A bunch of procedures, common procs and APIs

Tree Computation

Maximum Likelihood & Bayesian Paradigms for Tree Computation

Note that these are not two opposing frameworks, nor are they the only frameworks for the interpretation of probability. The (opposing) counterpart to Bayesian statistics is frequentist statistics, which is out of the scope of this tutorial, but quite nicely summed up as follows:

xkcd1132

The bottom line is: - Maximum likelihood methods compute the most likely tree that evolved the observed sequence data. Answers the question: "Out of all these models, which is the most likely one to have arisen out of the given data?" Note that ML can only compare between models to pick the most appropriate one. It is unable to assess the correctness of a model, i.e. it could be picking the least terrible out of a bunch of terrible models. - Bayesian methods have an extra step of modeling the uncertainty we have about any previous relevant information as a probability distribution by itself. This is called the prior.

Note: all this is actually much easier in maths, because many things get lost in translation when attempting to convert these concepts into English. Ultimately, it's all just calculus.
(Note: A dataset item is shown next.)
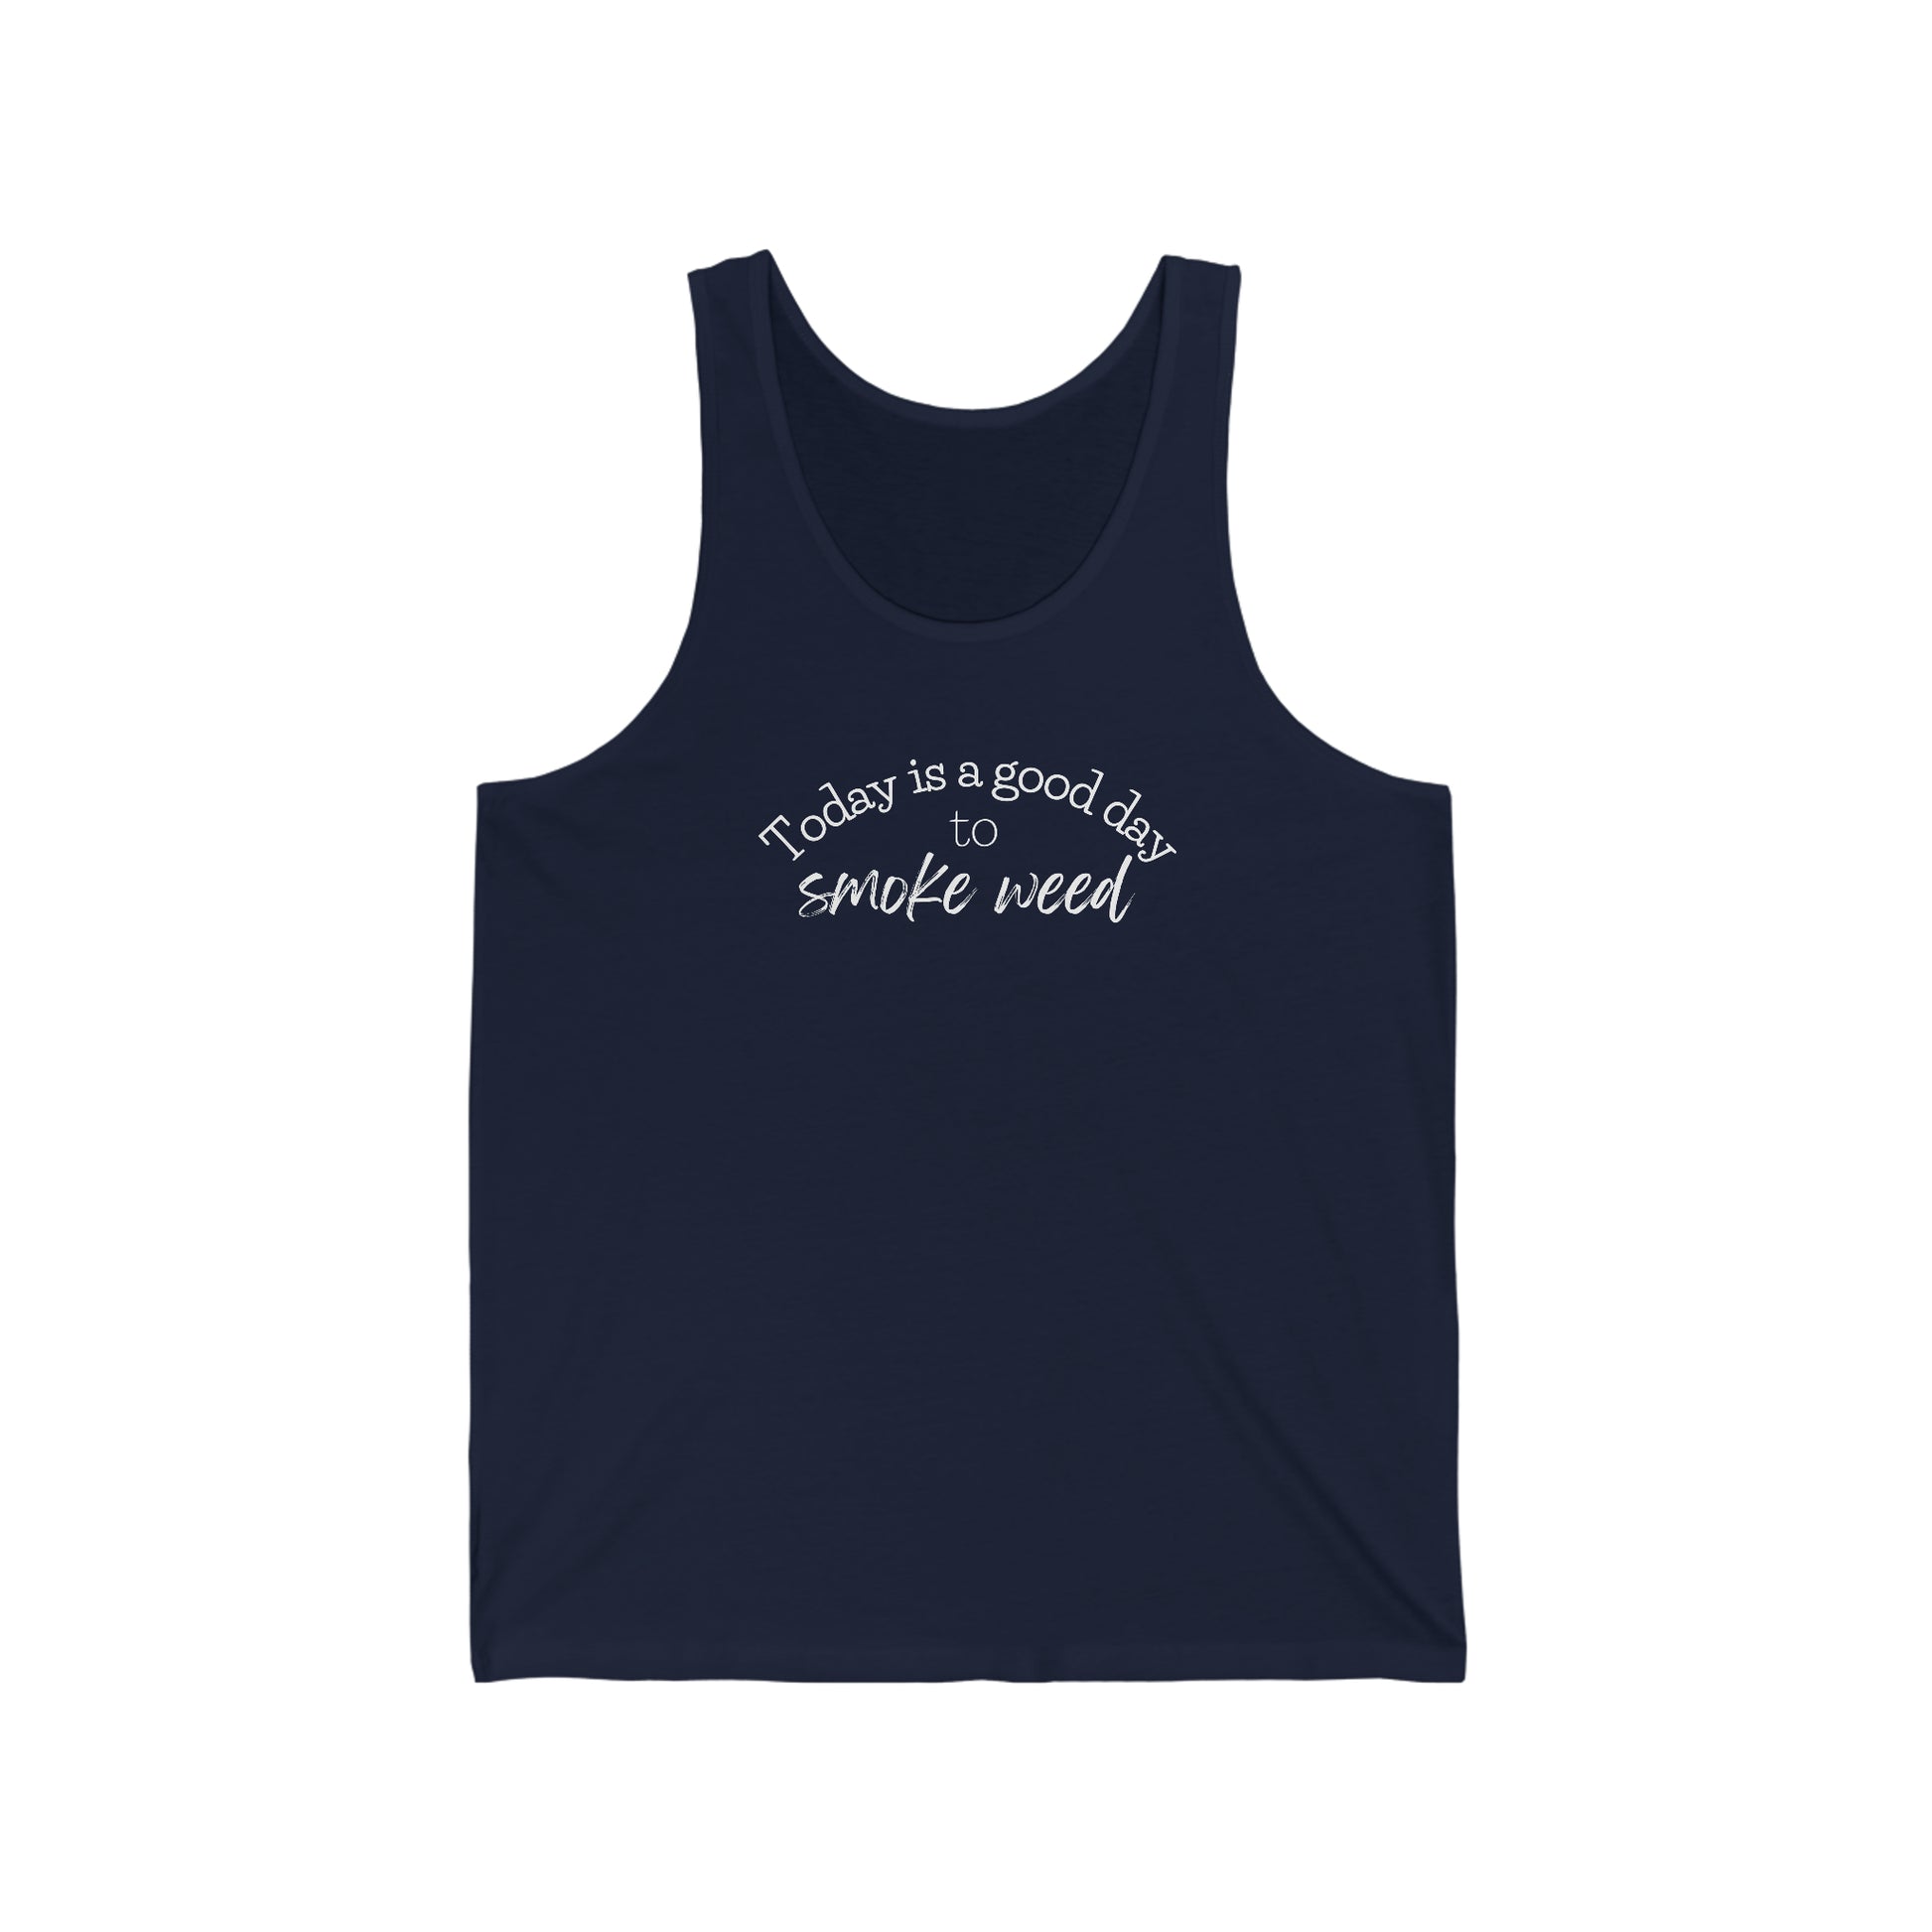 Navy unisex jersey tank top with the phrase "Today is a Good Day to Smoke Weed" Cannabis Tank Top written in cursive white font on the front.

An Overview of Tree Computing Software

FastTree

  • Fast, as you may have picked up from the name. Typically terminates within minutes, even with thousands of sequences.
  • Computes only one tree, so the results of FastTree are questionable not so much because of the accuracy of the tree, but because it doesn't give a way to assess the quality of the result (e.g. by likelihood or empirical support).
  • Anecdotally, seems reasonably accurate at computing the initial bifurcations, i.e. identifying major clades. Might get confused by sequences that could go either way. For instance, in the following example, it's clear the sequences 1 and 3 belong to different clades, but FastTree might get confused by where sequence 2 should go:
sequence1: AAAAAA
sequence2: AAAGGG
sequence3: GGGGGG

IQTree

  • ML-based.
  • Not terribly fast. It could be faster than RAxML; I've never really tested it in large runs.
  • From some small test runs, IQ-Tree and FastTree seem to produce the same results, but IQ-Tree is usually slower.

RAxML

  • Very slow, so only used in production when we have to compute publication-quality trees, with a certain number of iterations (>500 or >1000 required for publication, depending on who you ask) - as such, would typically take a week.
  • Has PTHREADS for multiple-CPU parrallelization, and an SSE-extension to speed things up just that much faster - but still slow.
  • Too slow - only use on the HPC!
  • Will only terminate within a reasonable amount of time for <1000 sequences (and that's still pushing it).

BEAST

  • Bayesian paradigm, so you'll get something like P(Tree|Models, ModelParams).
  • With a nice point-and-click interface, so probably the most user-friendly. Also has helper programs BEAUTi and Tracer.
  • Also very slow, but anecdotally faster than RAxML. Send your jobs to M3 for production runs.
  • Has GPU support, which on benchmark tests, gives a ~4x speedup on M3's K80 GPUs based on benchmark tests.